The mobility orchestration server 120 forwards message 417 as
message 418 to the home mobility orchestration server 120 to
complete the cellular deregistration process. If the roaming user
does not have the support of a personal mobility assistant 111,
provision is made in the mobility orchestration server 120 to
authenticate the user employing traditional user-id and password
challenge-response protocols. However, the user thus authenticated
will not be treated as part of the fully authenticated and trusted
community and will not have full access to all virtual mobility
network 100 services.
[0065] FIG. 5 illustrates a signaling sequence chart and flow chart
for an exemplary outgoing call process according to one embodiment
of the present invention. More particularly, FIG. 5 illustrates a
mobility orchestration server 120 user (with personal mobility
assistant 111 support) making an outgoing call to another virtual
mobility network 100 user. The calling user using a mobile station
110 accesses the presence information on the enterprise directory
to check if the called user is free to receive a call (501).
Personal mobility assistant 111 in conjunction with Service
management 122 of mobility orchestration server 120 and the
directory service in Office Productivity Server 106 presents the
presence information in the context of the enterprise directory to
the user. The calling user selects the directory entry and
initiates the call function on the mobile station 110 to initiates
a call to the called user (502). Personal mobility assistant 111
then takes one of the three branches 503, 525, or 532 depending on
its registration status.
[0066] Branch 503 is selected, if calling user's mobile station 110
is registered using mobility orchestration server 120 with a WiFi
access account. A call request message 504 is sent to the serving
mobility orchestration server 120. The service mobility
orchestration server 120 updates the calling party's presence
information reflecting whether the calling user is busy on a call
(505). If the serving mobility orchestration server 120 is the same
as the calling user's home mobility orchestration server 120,
messages may be relayed to the home mobility orchestration server
120 to update the calling user's presence information.

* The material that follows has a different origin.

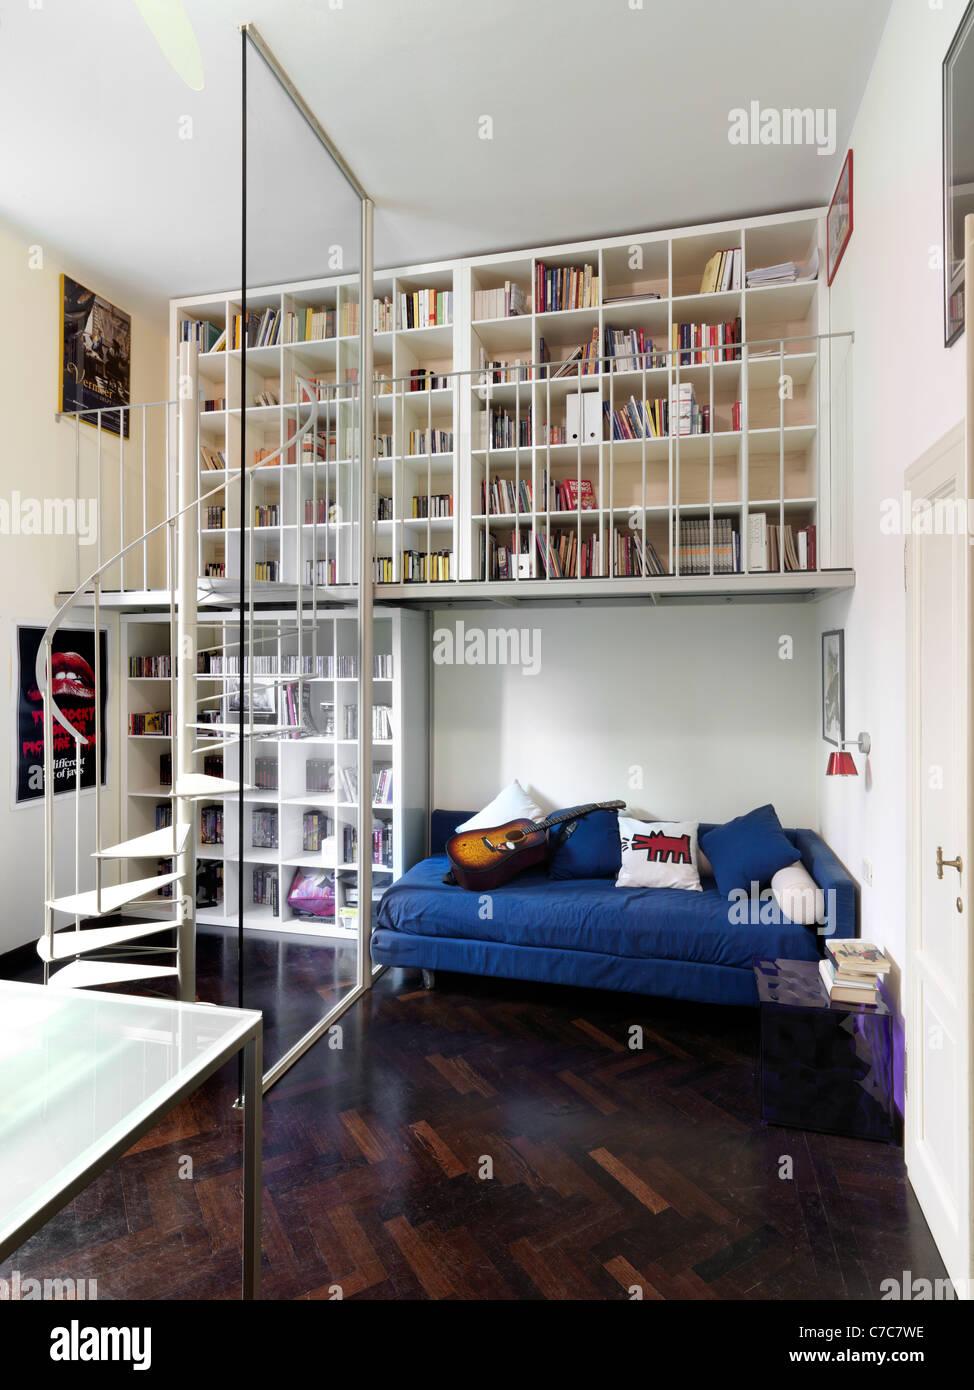 Moderne Schlafzimmer mit Holzboden und Bücherregal über Bett Stockbild

For
simplicity, the rest of the description assumes the serving and
home mobility orchestration servers are the same. Mobility
orchestration server 120 checks the location and user capability of
the called user from information storage 241 (506).
[0067] Depending on the user location and capability, one of the
five branches 507, 509, 511, 513, and 515 is taken. Branch 507 is
selected if the called user is: a mobility orchestration server 120
user, has a personal mobility assistant 111 who is registered for a
WiFi access account. Call invitation message 508 is sent via packet
network Interface 231 to personal mobility assistant 111 for the
called user. Branch 509 is selected if the called user is a
mobility orchestration server 120, but does not use personal
mobility assistant 111, and he is registered on a WiFi network.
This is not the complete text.